— Data segment —
►
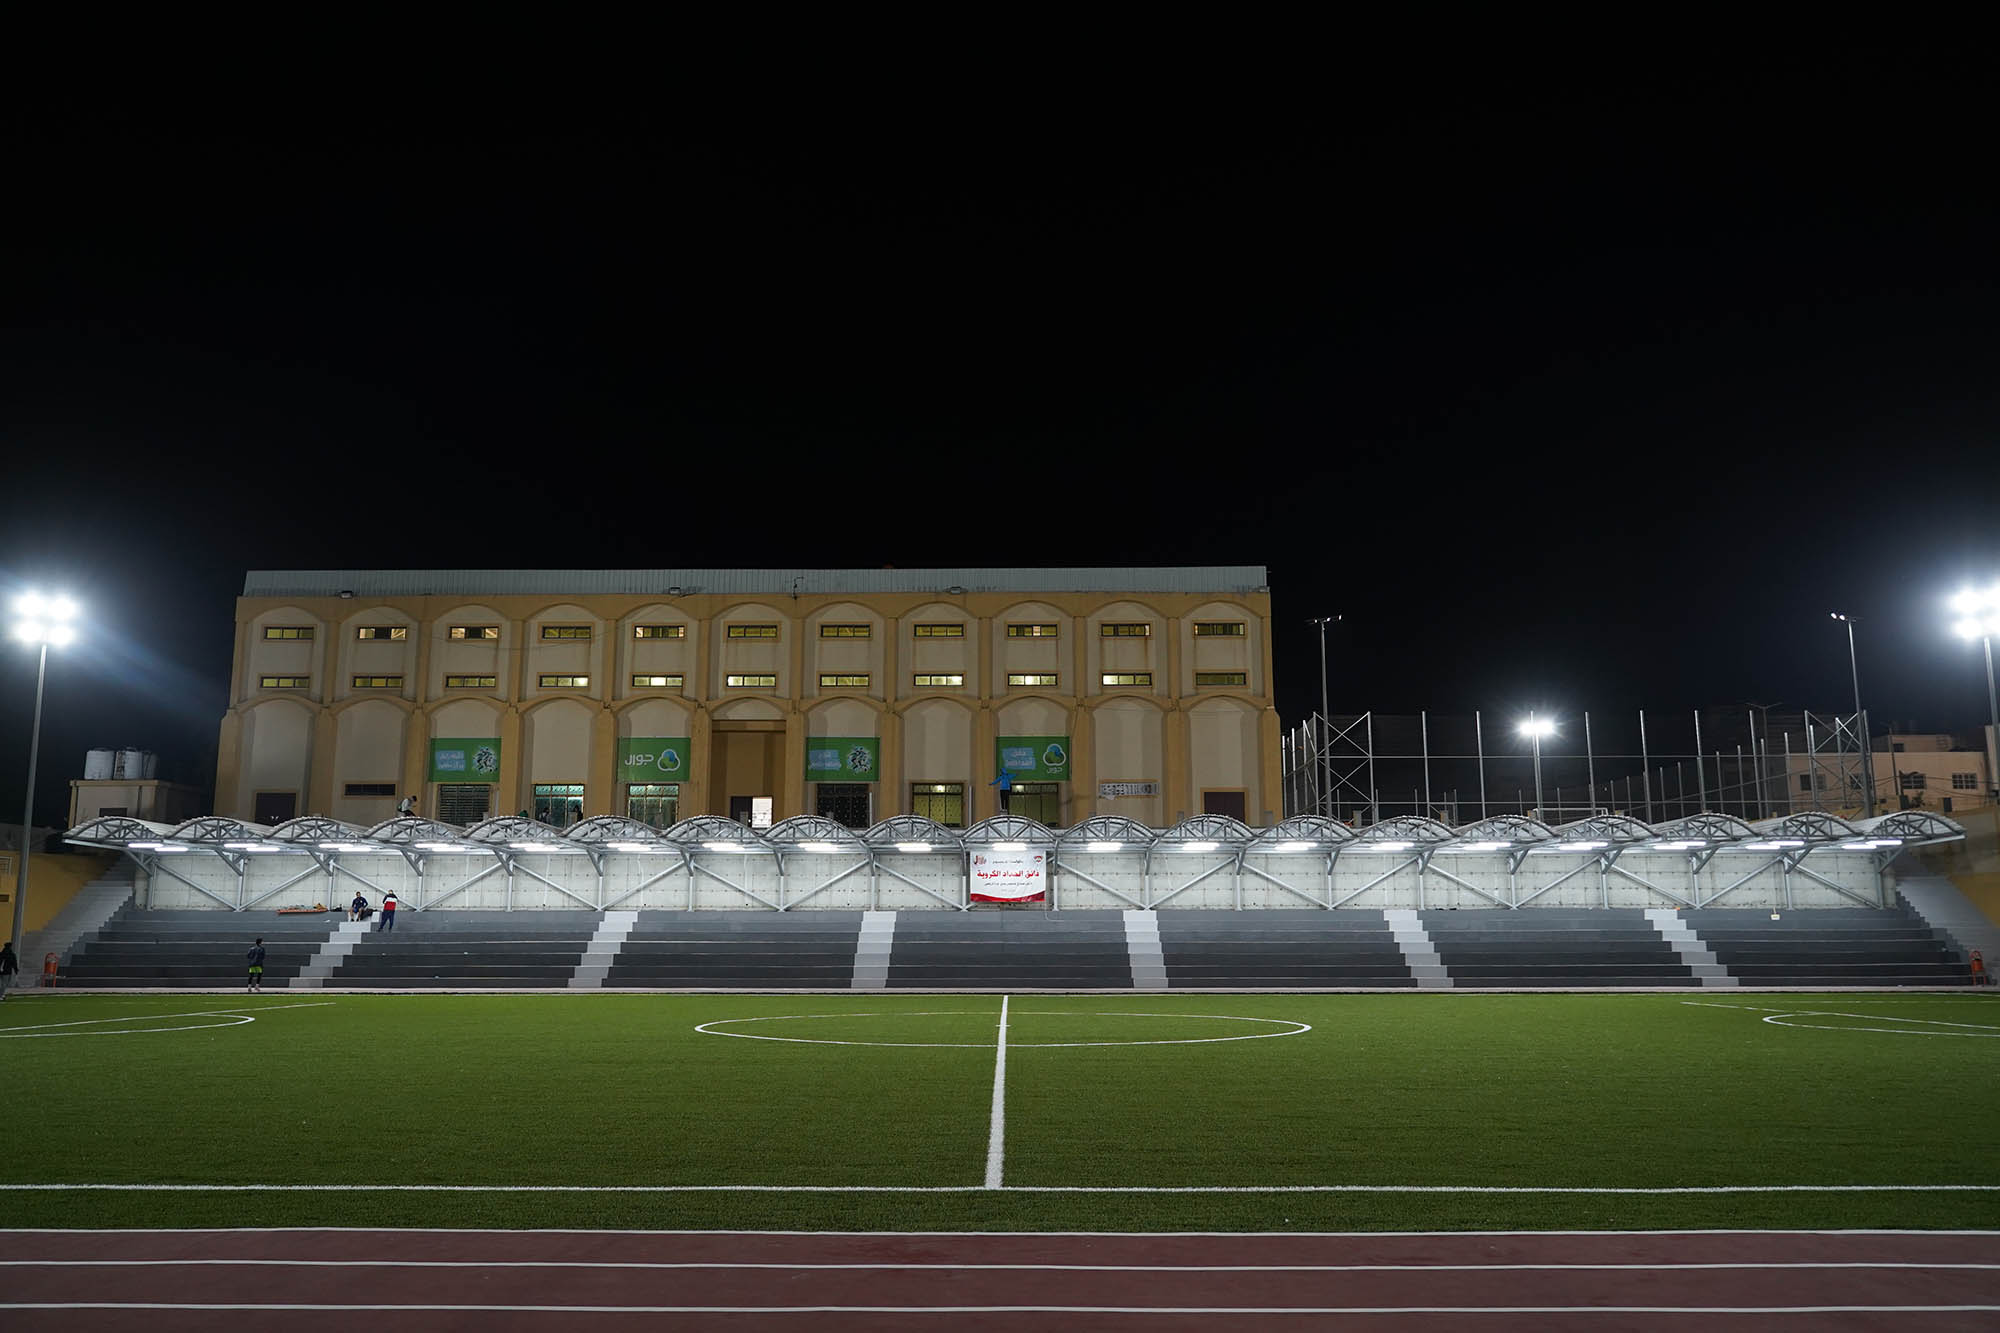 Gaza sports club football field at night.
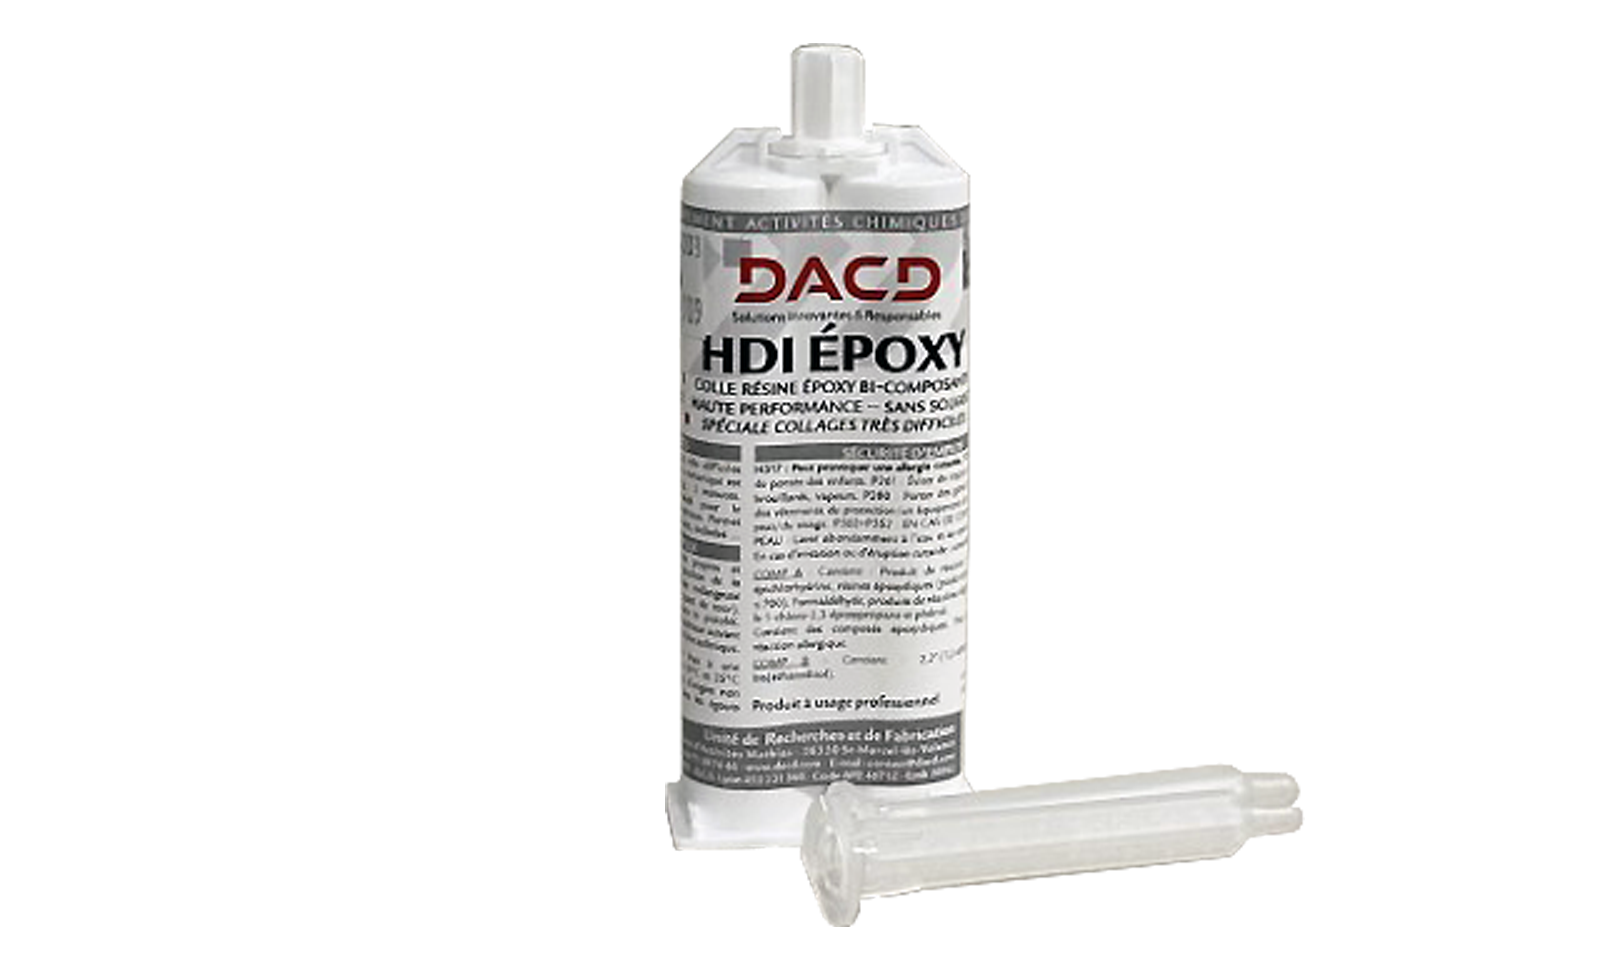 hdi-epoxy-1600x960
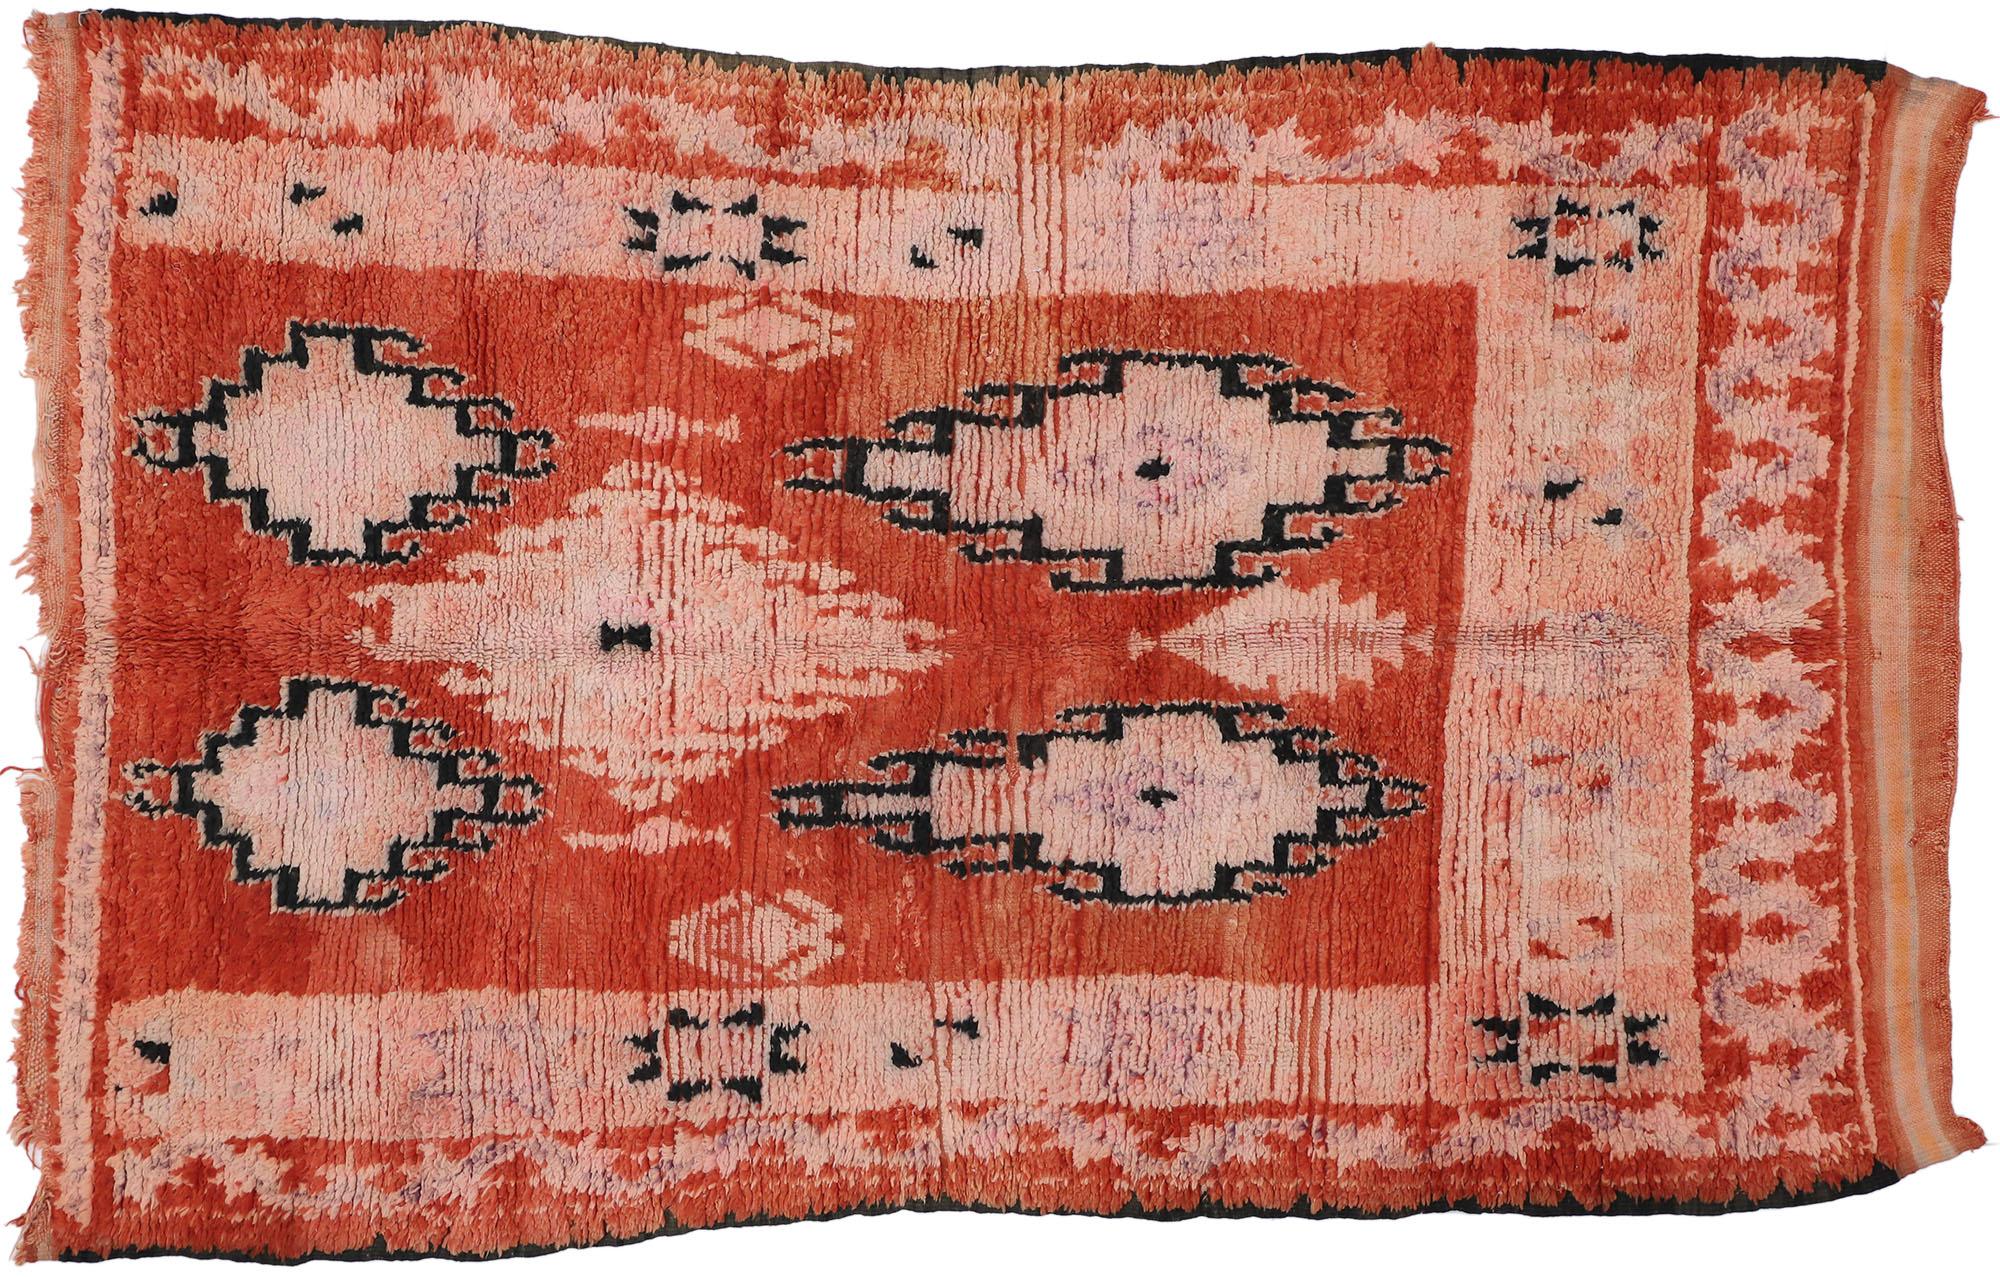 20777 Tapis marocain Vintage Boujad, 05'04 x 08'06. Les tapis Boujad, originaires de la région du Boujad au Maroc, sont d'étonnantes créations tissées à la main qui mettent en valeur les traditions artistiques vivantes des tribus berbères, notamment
◄
— Task goal —
Please reproduce verbatim the lines from the line with "hdi-epoxy-1600x960" through the final line of the listing, inclusive of both ends. Omit all pictures.

— Response —
 hdi-epoxy-1600x960
 20777 Tapis marocain Vintage Boujad, 05'04 x 08'06. Les tapis Boujad, originaires de la région du Boujad au Maroc, sont d'étonnantes créations tissées à la main qui mettent en valeur les traditions artistiques vivantes des tribus berbères, notamment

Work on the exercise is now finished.